(Bloomberg) — Americans who kept their health plans that didn’t comply with Patient Protection and Affordable Care Act (PPACA) requirements will be able to renew those policies for two more years, according to a person familiar with the matter.
The Obama administration, which has been deliberating the issue since November, is expected to announce today the extension of the health plans, said the person, who asked not to be identified because the decision wasn’t yet public.
Insurers sent letters to policyholders canceling the health plans as the new government exchanges opened Oct. 1. The letters caused a political headache for President Barack Obama, who had promised during the debate on the Patient Protection and Affordable Care Act that people who liked their health plans wouldn’t have to change them. About 2.6 million Americans received the cancellation notices, according to a study published March 3 by the journal Health Affairs.
“It’s clearly been a damaging gaffe that the president doesn’t want to hang around the neck of fellow Democrats this fall,” John Gorman, the executive chairman of Gorman Health Group, a Washington consulting firm, said in a phone interview.
Amid the growing criticism, Obama announced Nov. 14 that state insurance commissioners could allow insurers to extend policies that didn’t comply with the law. Insurance company executives have said they expected the White House would allow renewal of the plans, which don’t comply with rules such as offering coverage for maternity care or limiting out-of-pocket spending.
The Standard & Poor’s Supercomposite Managed Health Care Index of 10 companies fell less than 1 percent at 10:58 a.m. in contrast to a gain in the broader S&P 500 Index. Allowing people to renew old health plans may mean that some young and healthy Americans won’t have to sign up for plans in the Affordable Care Act’s exchanges, leaving a sicker and older population of customers.
“Exchange enrollment will be lower than expected,” Brian Wright, an analyst with Monness, Crespi, Hardt & Co. Inc. in New York said by email.

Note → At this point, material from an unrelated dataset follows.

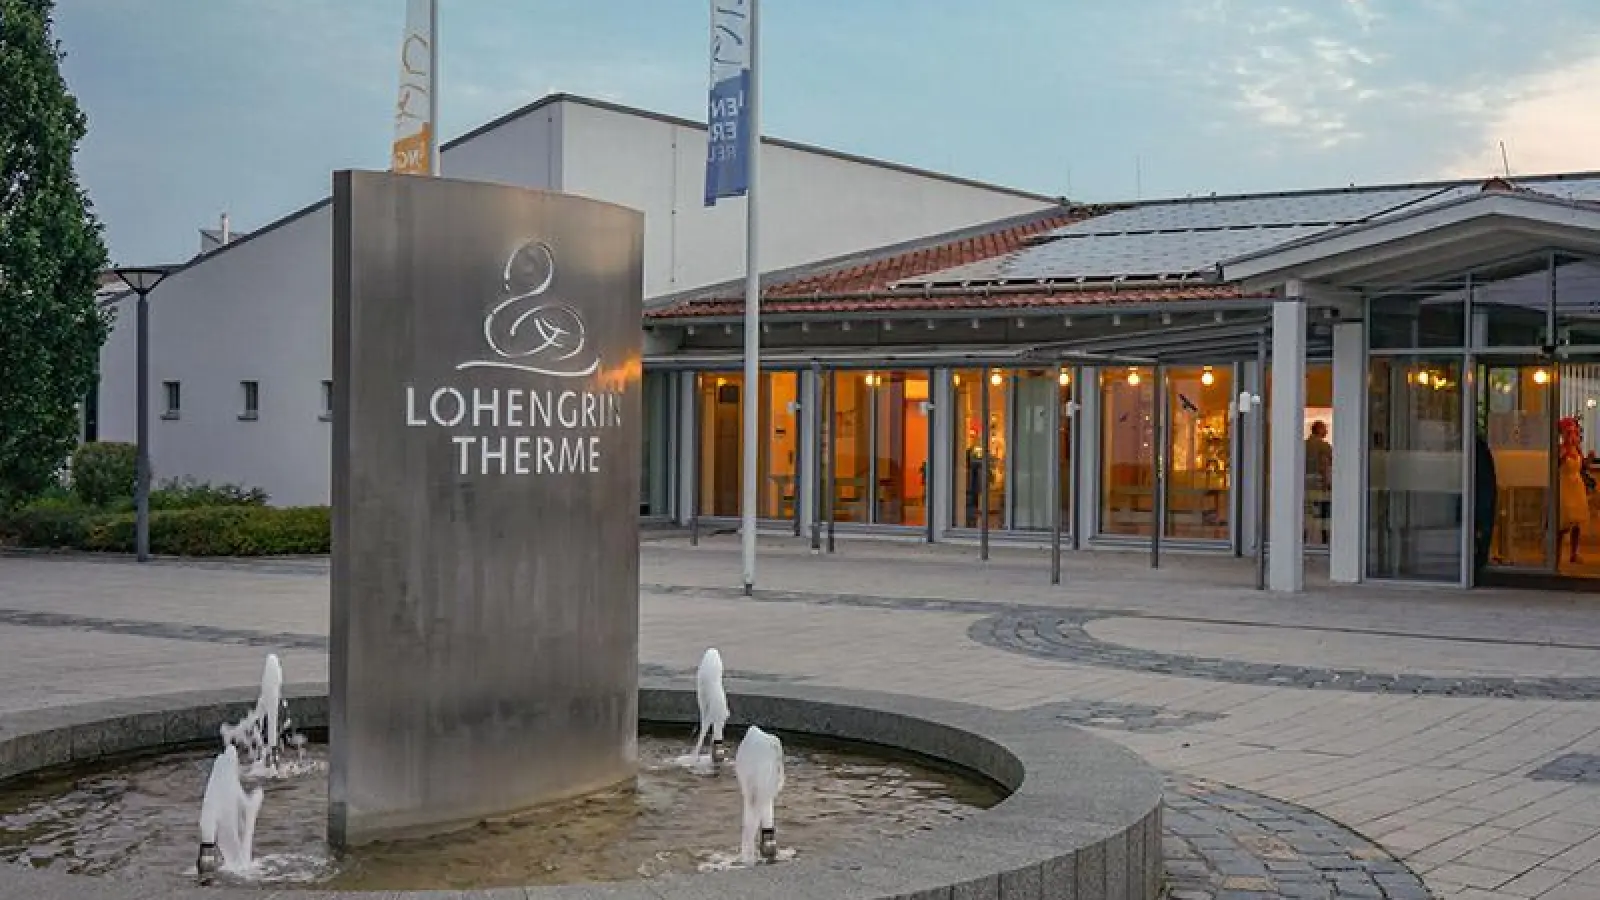 Lokalnachrichten: Baufehler in der Lohengrin Therme (Foto: Stefan Dörfler)

The extension affected only a small slice of the U.S. insurance market, people who bought individual health plans for themselves and their families rather than receiving coverage through a company’s group plan or a government program such as Medicare. The Kaiser Family Foundation estimated the plans covered about 5 percent of Americans.

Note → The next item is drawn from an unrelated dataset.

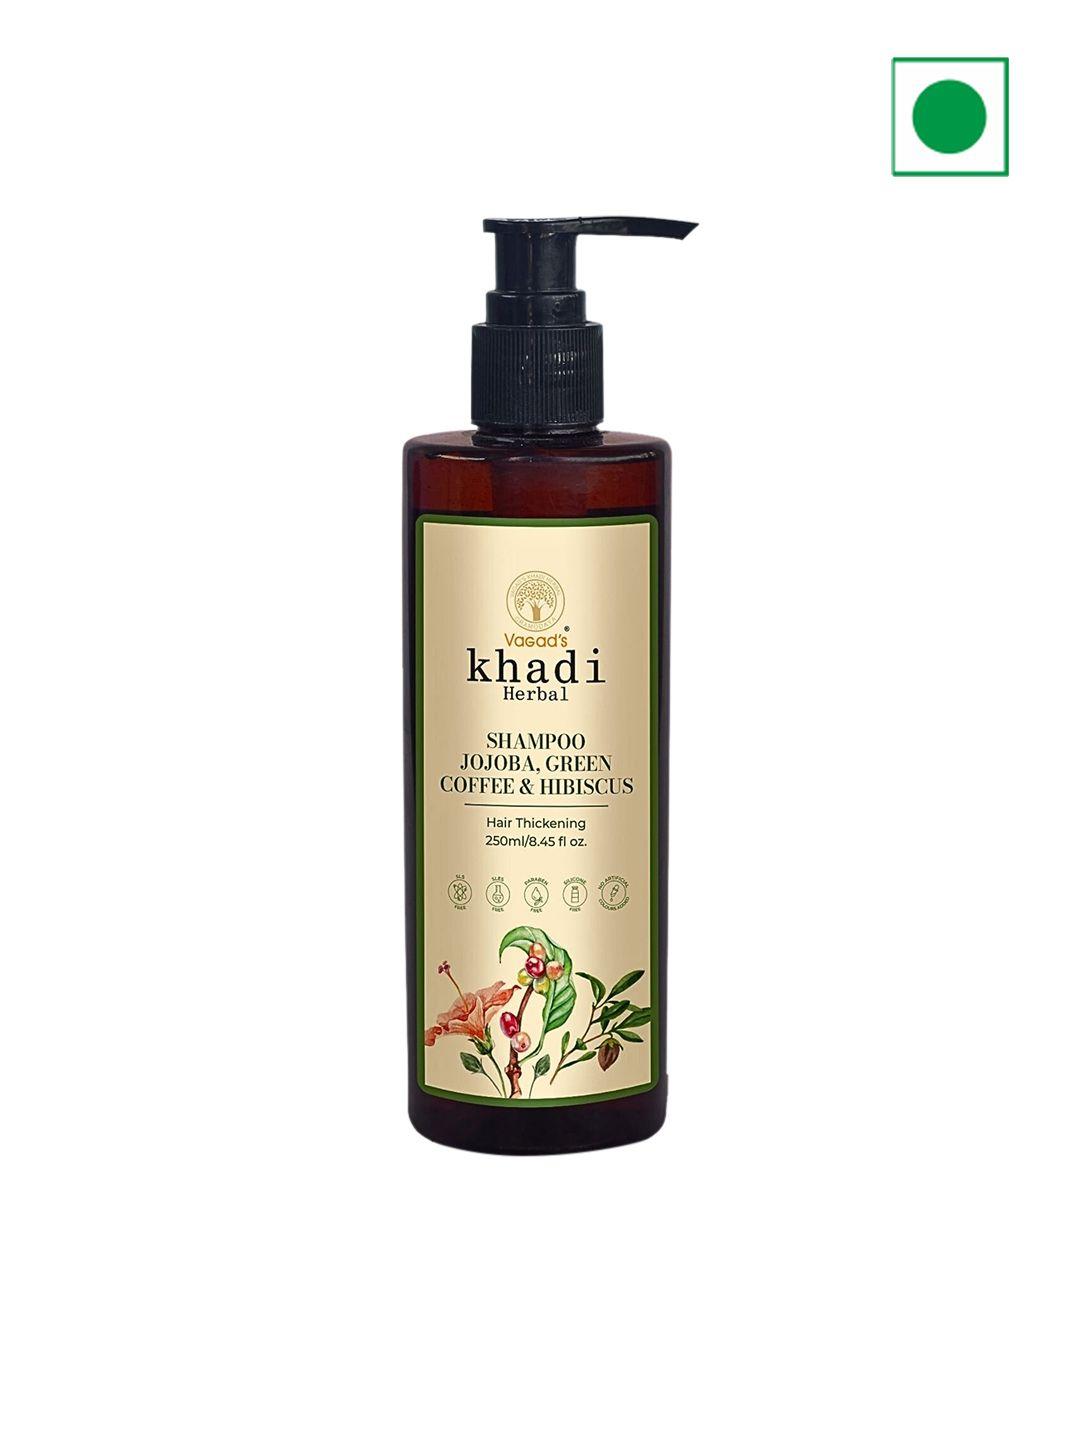 vagads khadi herbal jojoba with green coffee & hibiscus shampoo

“The administration has committed to doing all we can to smooth the transition for hard-working Americans,” Joanne Peters, a spokeswoman for the U.S. Health and Human Services Department, said yesterday in an e-mail. “We’ve taken steps already and are continuing to look at options. HHS said in November that we would consider extending the option for Americans to renew old plans beyond this year and we will provide final guidance on this issue soon.”
While allowing the old plans to be renewed may benefit Obama and his fellow Democrats politically, the policy carries drawbacks.
About 4 million Americans so far have signed up for new coverage in insurance exchanges established by the health-care law. Insurers participating in the exchanges aren’t allowed to refuse coverage to sick people or charge them more than healthy customers. For that reason, companies need many young and healthy Americans to buy plans from the exchanges to balance the cost of covering sick people and avoid premium increases.
People who stayed on old plans, which don’t carry the Affordable Care Act’s consumer protections, are believed to be younger and healthier in general than people on exchange plans. The insurer Humana Inc. said in January that its exchange customers would be sicker and older than it expected in part because Obama allowed renewals of old plans.
Allowing the plans to be renewed “is sort of anathema to the rest of Obamacare,” Gorman said. At least 28 states allowed plans to be extended under Obama’s policy, according to the Commonwealth Fund, a New York foundation that studies health policies.